I was very thankful that he was not waiting for me when I came out of the store.

The Return of Anxiety

It was about a week ago when I had a total meltdown. I had been feeling great for quite a while, confident and secure. I wasn’t worrying about much. I was having fun, goofing off and enjoying myself. And then the meltdown happened. One minute I was fine, the next minute I was completely aware of how stupid and annoying I am. A wave of depression washed over me and I felt like I owed everyone an apology. An apology for what? I don’t know. I guess for existing within their range of awareness.

This happens once in a while. I usually choose to get drunk when it happens. Yes, yes, I drink, well, often. But usually I drink because I enjoy it and not as a means of comfort. When I’m in a total slump, I drink because it gives me some measure of peace. It numbs my senses to whatever is bothering me. By the time the alcohol wears off, the worst of whatever it was that had me so down will be behind me. At least that’s how it usually works out.

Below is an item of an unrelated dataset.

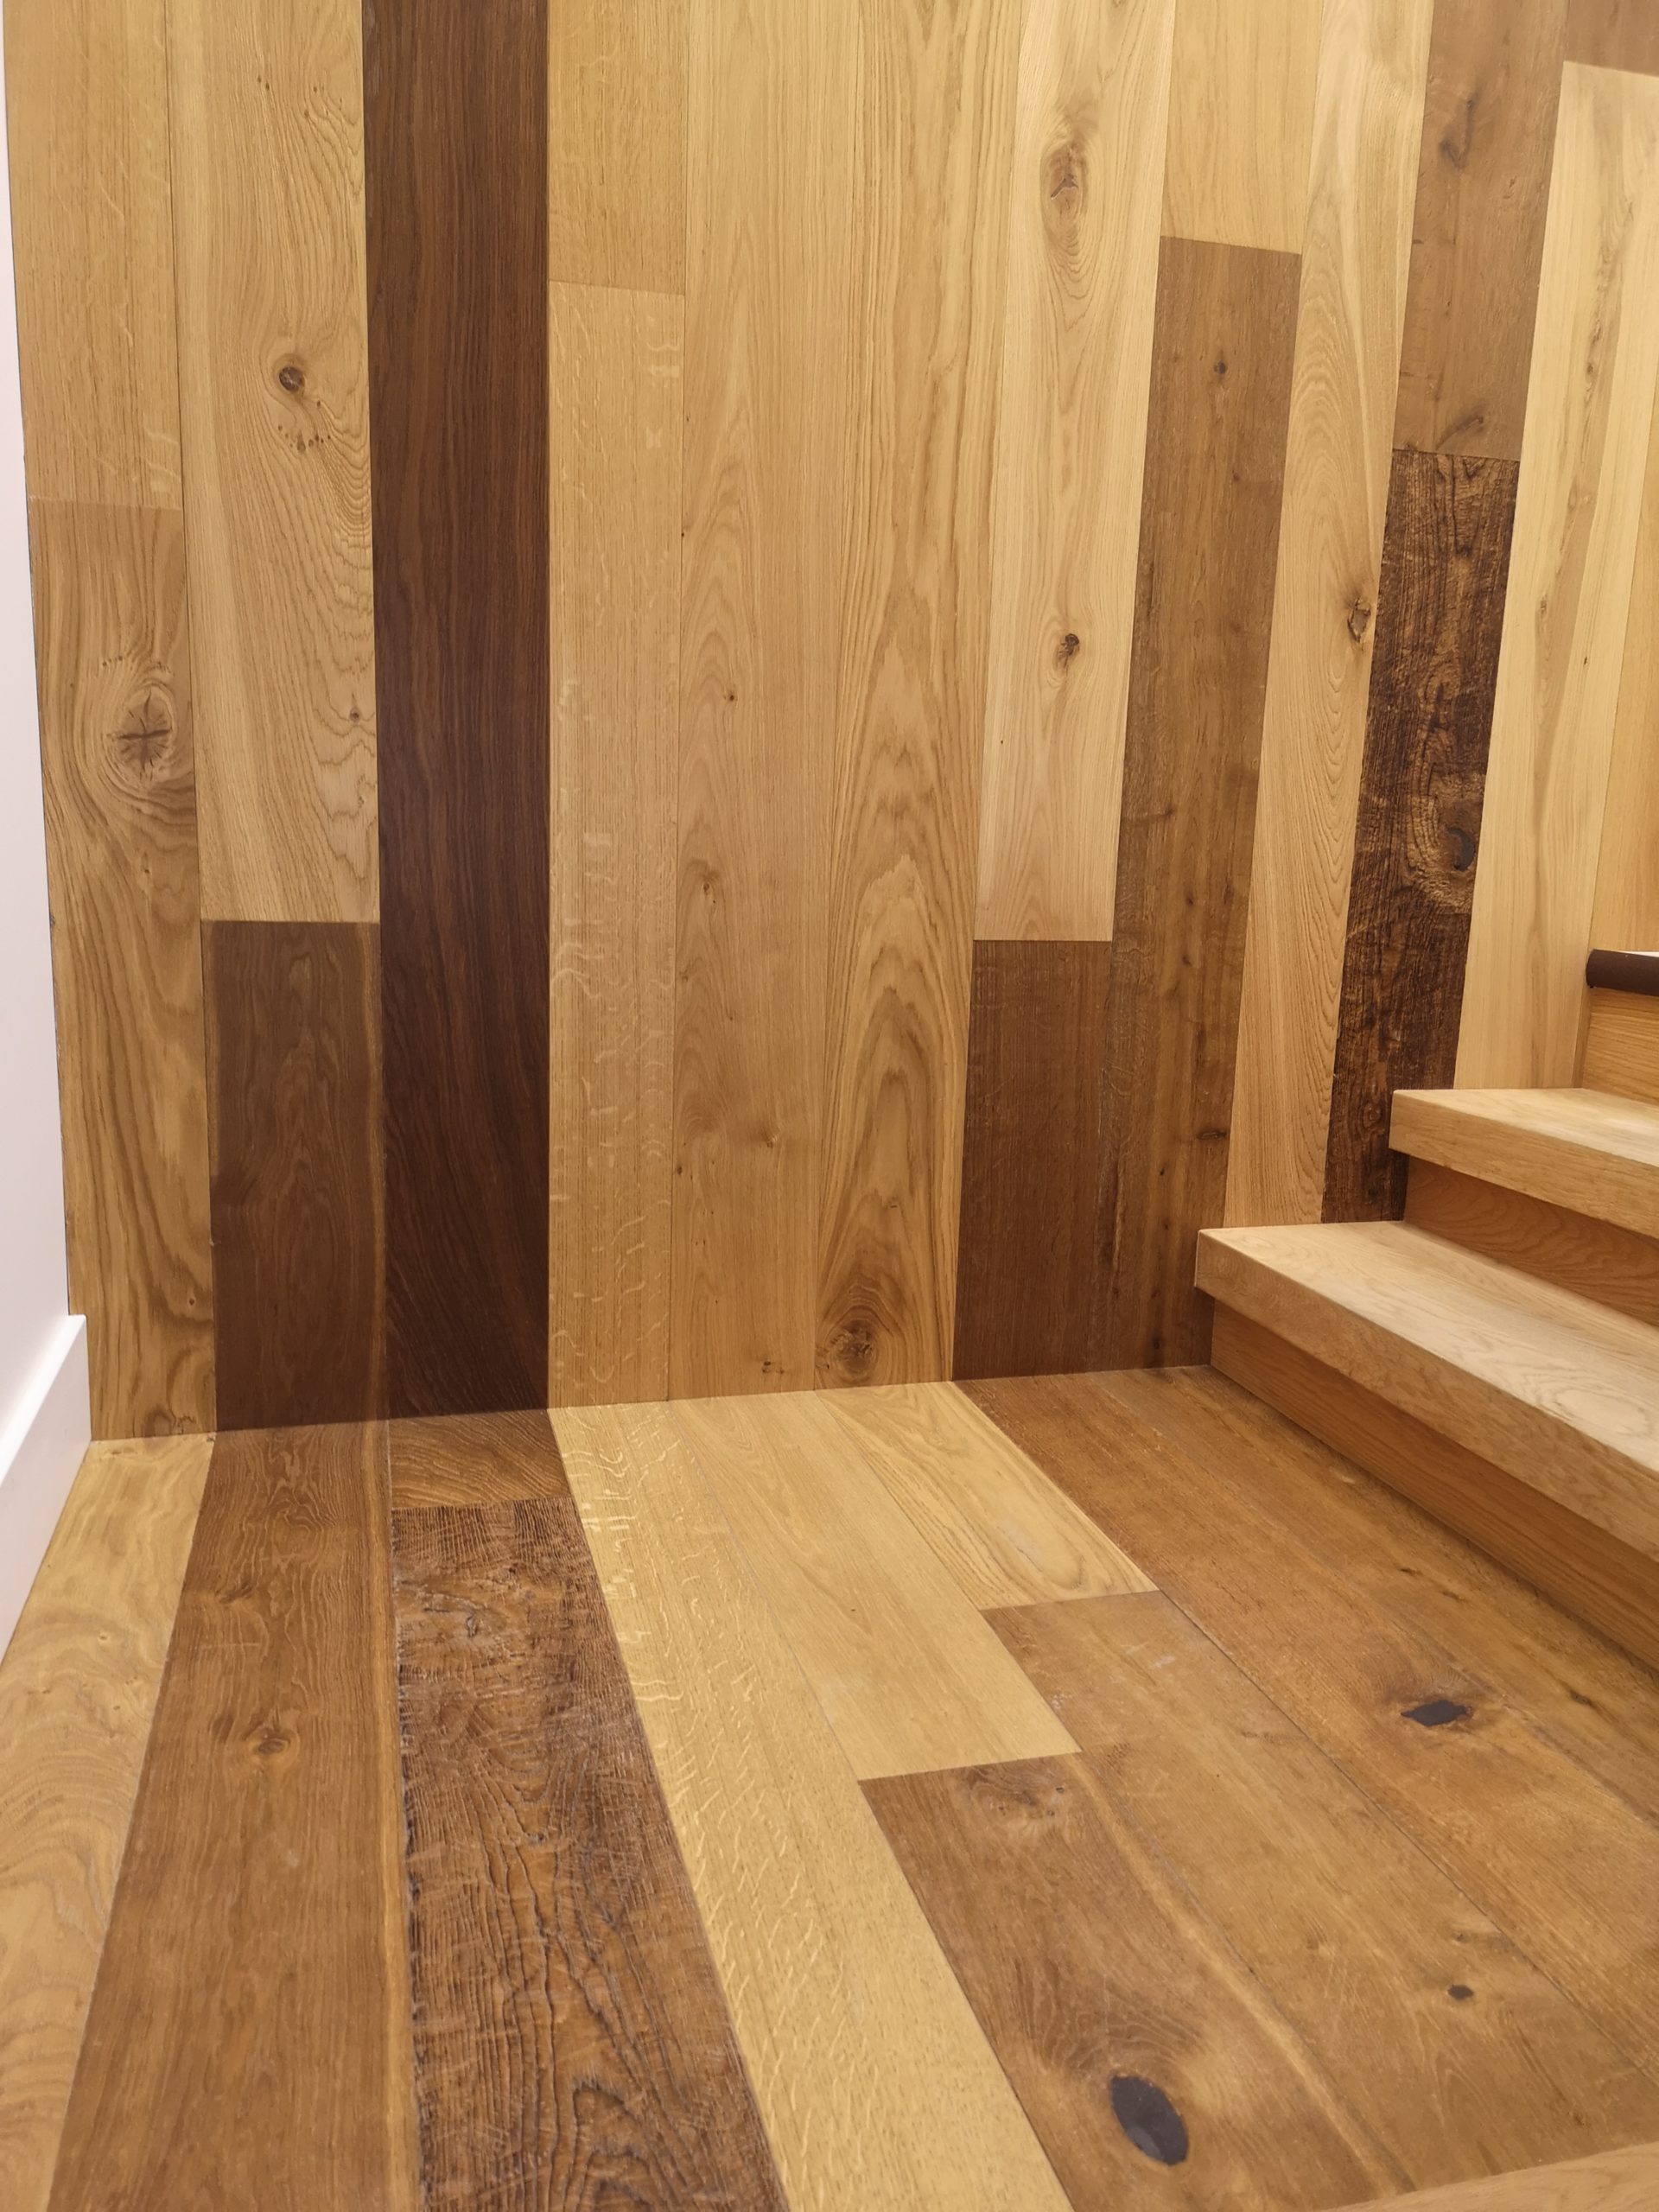 Oiled Hardwood Floors Touchwood Flooring Edmonton

But even though the worst is behind me, there’s a sort of recovery stage that follows. I have to rebuild my confidence. It’s a slippery slope. I gain some ground and I lose some ground, and eventually I make to the top of the mountain again. Eventually I will be able to stop second guessing myself and everything will be dandy.

This anxiety, or whatever you call it, might well be over nothing. Right now, though, I’m not so sure that it is. But whether it’s over nothing or not, I’ll make it to the top of the mountain, eventually.